I was wondering about something else: don't we also have another problem with
updating this current index tuple by skipping before calling
btgettuple/_bt_next? I see there's some code in btgettuple to kill dead tuples
when scan->kill_prior_tuple is true. I'm not too familiar with the concept of
killing dead tuples while doing index scans, but by looking at the code it
seems to be possible that btgettuple returns a tuple, caller processes it and
sets kill_prior_tuple to true in order to have it killed. However, then the
skip scan kicks in, which sets the current tuple to a completely different
tuple. Then, on the next call of btgettuple, the wrong tuple gets killed. Is my
reasoning correct here or am I missing something?

Need to check, but probably we can avoid that by setting kill_prior_tuple to
false in case of skip scan as in index_rescan.

On Sun, Jun 23, 2019 at 3:10 PM Tomas Vondra <tomas.von...@2ndquadrant.com> 
wrote:

I've done some initial review on v20 - just reading through the code, no
tests at this point. Here are my comments:

Thank you!

2) indices.sgml

The new section is somewhat unclear and difficult to understand, I think
it'd deserve a rewording. Also, I wonder if we really should link to the
wiki page about FSM problems. We have a couple of wiki links in the sgml
docs, but those seem more generic while this seems as a development page
that might disapper. But more importantly, that wiki page does not say
anything about "Loose Index scans" so is it even the right wiki page?

Wow, indeed, looks like it's a totally wrong reference. I think Kyotaro already
mentioned it too, so probably I'm going to remove it (and instead describe the
idea in a few words in the documentation itself).

6) nodeIndexScan.c

I wonder why we even add and initialize the ioss_ fields for IndexScan
nodes, when the skip scans require index-only scans?

Skip scans required index-only scans until recently, when the patch was updated
to incorporate the same approach for index scans too.
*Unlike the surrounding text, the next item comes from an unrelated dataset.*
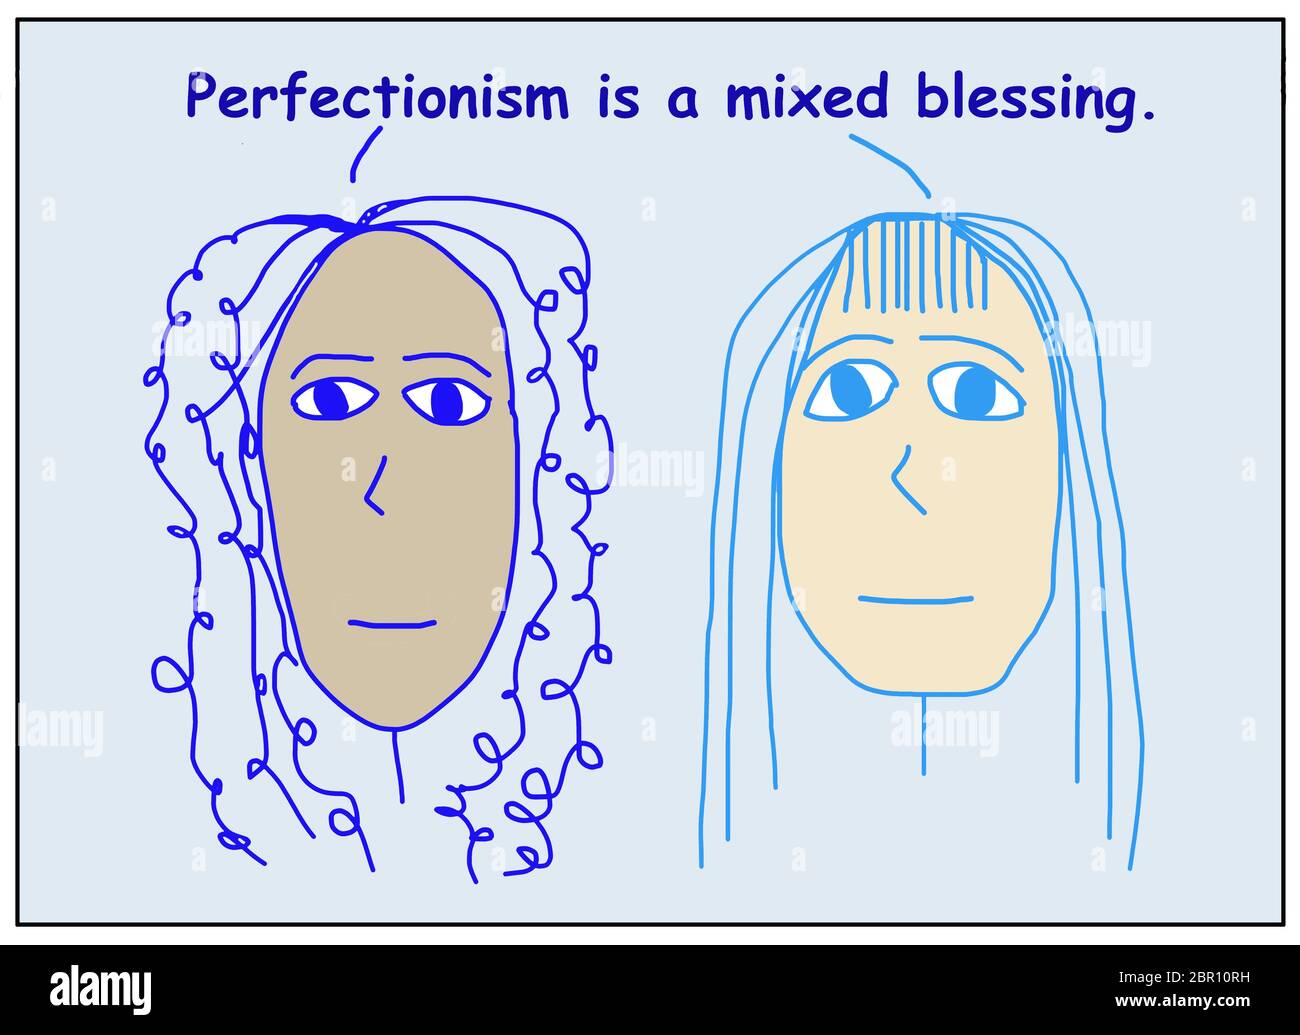 Farbzeichentrick von zwei ethnisch unterschiedlichen Frauen besagt, dass Perfektionismus ist ein gemischter Segen. Stockfoto

My apologies, looks like
documentation and some commentaries are still inconsistent about this topic.


Yes, if that's the case then various bits of docs and comments are rather
misleading, ant fields in IndexScanState should be named 'iss_'.


7) pathnode.c

I wonder how much was the costing discussed. It seems to me the logic is
fairly similar to ideas discussed in the incremental sort patch, and
we've been discussing some weak points there. I'm not sure how much we
need to consider those issues here.

Can you please elaborate in a few words, which issues do you mean? Is it about
non uniform distribution of distinct values? If so, I believe it's partially
addressed when we have to skip too often, by searching a next index page.
Although yeah, there is still an assumption about uniform distribution of
distinct groups at the planning time.


Right, it's mostly about what happens when the group sizes are not close
to average size. The question is what happens in such cases - how much
slower will the plan be, compared to "current" plan without a skip scan?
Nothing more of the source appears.